Mideast Responds to Obama

Obama speaks yesterday in Cairo.
Obama speaks yesterday in Cairo. (photo: CNS/Reuters)

Tomorrow’s edition of L’Osservatore Romano reports on reactions from some Middle East Church leaders to President Barack Obama’s speech yesterday to the Muslim world. 

Summing up their reaction as “an important speech, but these are words, not deeds,” the Vatican’s semi-official newspaper says the reaction has mainly been one of appreciation for the president’s openness to dialogue, but coupled with a wish to make the words concrete.

The paper begins by quoting Bishop Youssef Ibrahim Sarraf, the Chaldean bishop of Cairo: “It is the speech we have wanted for so long,” Bishop Sarraf said. “The president has had the courage to make it, choosing Egypt for its location and role in the Islamic world.”

Bishop Sarraf added: “The strong message it gives is to work together to find solutions to an agenda of issues, from democracy to terrorism, from freedom of religion to human rights, from the dignity of women to globalization — issues which are the focus of debate in the Arab world between moderates and fundamentalists.”

Bishop Sarraf stressed the hope that “Islam and the Arab world know how to take his words in hand — start a new process, a new era. Obama wants to really change the image of the United States in a way that will bring benefits.”

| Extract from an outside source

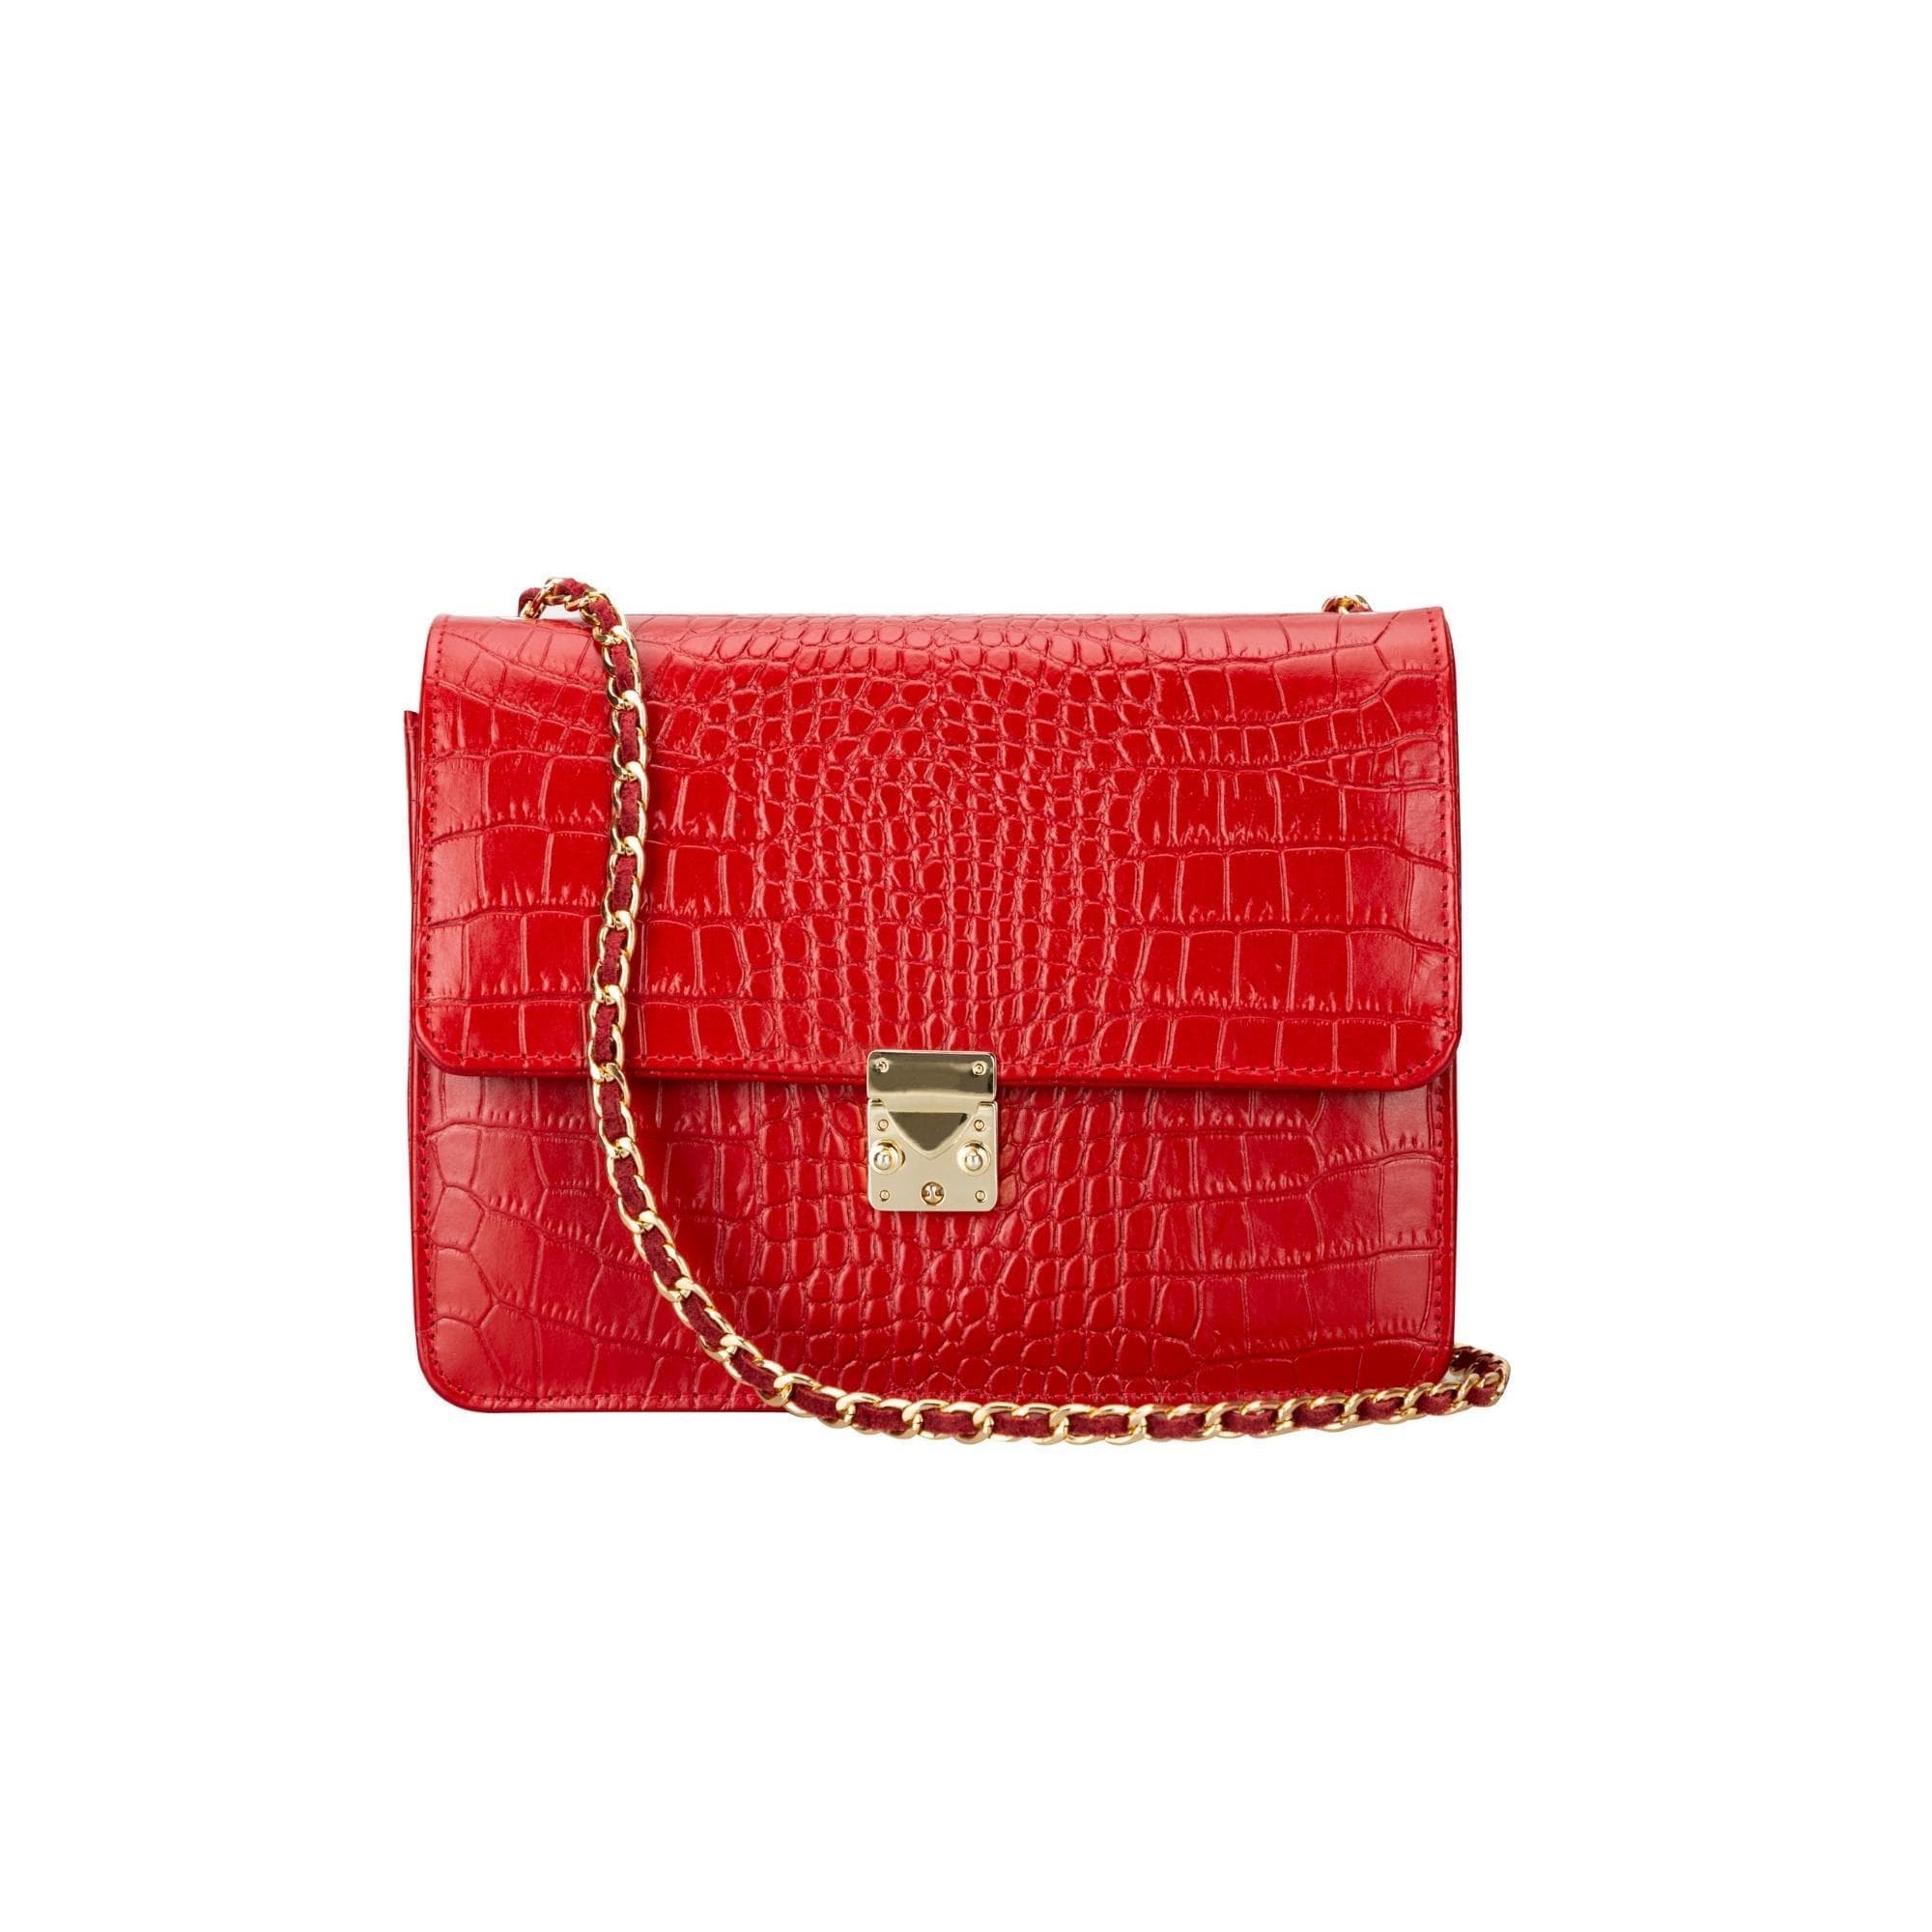 Oxi Geniune Leather Women’s Bag Red Croc Bouletta LTD

More cautious remarks came from Archbishop Paul Dahdah, apostolic vicar of Beirut. “The hope is that this discourse doesn’t serve just to change the image of the U.S.A., disfigured through choosing war, but gives momentum to firm political activity aimed at resolving what is the real root of all the problems here in the region, [or] the conflict between Israelis and Palestinians.”

Archbishop Dahdah said if this isn’t addressed, “reaching out won’t lead to any results.” The references made by the American president to the defense of law and justice are fundamental, he added, but if you really want to mark “a new beginning,” then “concrete actions should follow the words.”

Striking a similar tone, L’Osservatore reports, was the custos of the Holy Land, Franciscan Father Pierbattista Pizzaballa. He said “a speech is not enough” to improve the nation’s image in the Arab world, but what is required are “concrete actions.” 

However, Father Pizzaballa added that Obama has been “sincere, determined, clear and very balanced,” reaffirming “the relationship with Israel but at the same time assuming a new position with the Arab world, one which marks a new beginning, a change of strategy and relationships that will provide further impetus to the search for a solution to the principal problem, that of the Israeli-Palestinian conflict.”

Now the two sides “should rethink their positions and demands,” Father Pizzaballa said, but added that what is “new and important” is that Obama “has turned to asking Hamas for de facto recognition of Israel.”

Meanwhile, in Italy, SIR, the press agency of the Italian bishops’ conference, likened Obama’s address to that of Martin Luther King’s ‘I Have a Dream’ speech that gave impetus to the civil rights movement of the 1960s.

Obama’s dream of a “new start,” the agency said, “is comparable to that of another great black American, the Reverend Martin Luther King, who predicted an end to the segregation of black Americans, nonviolence and a new society.”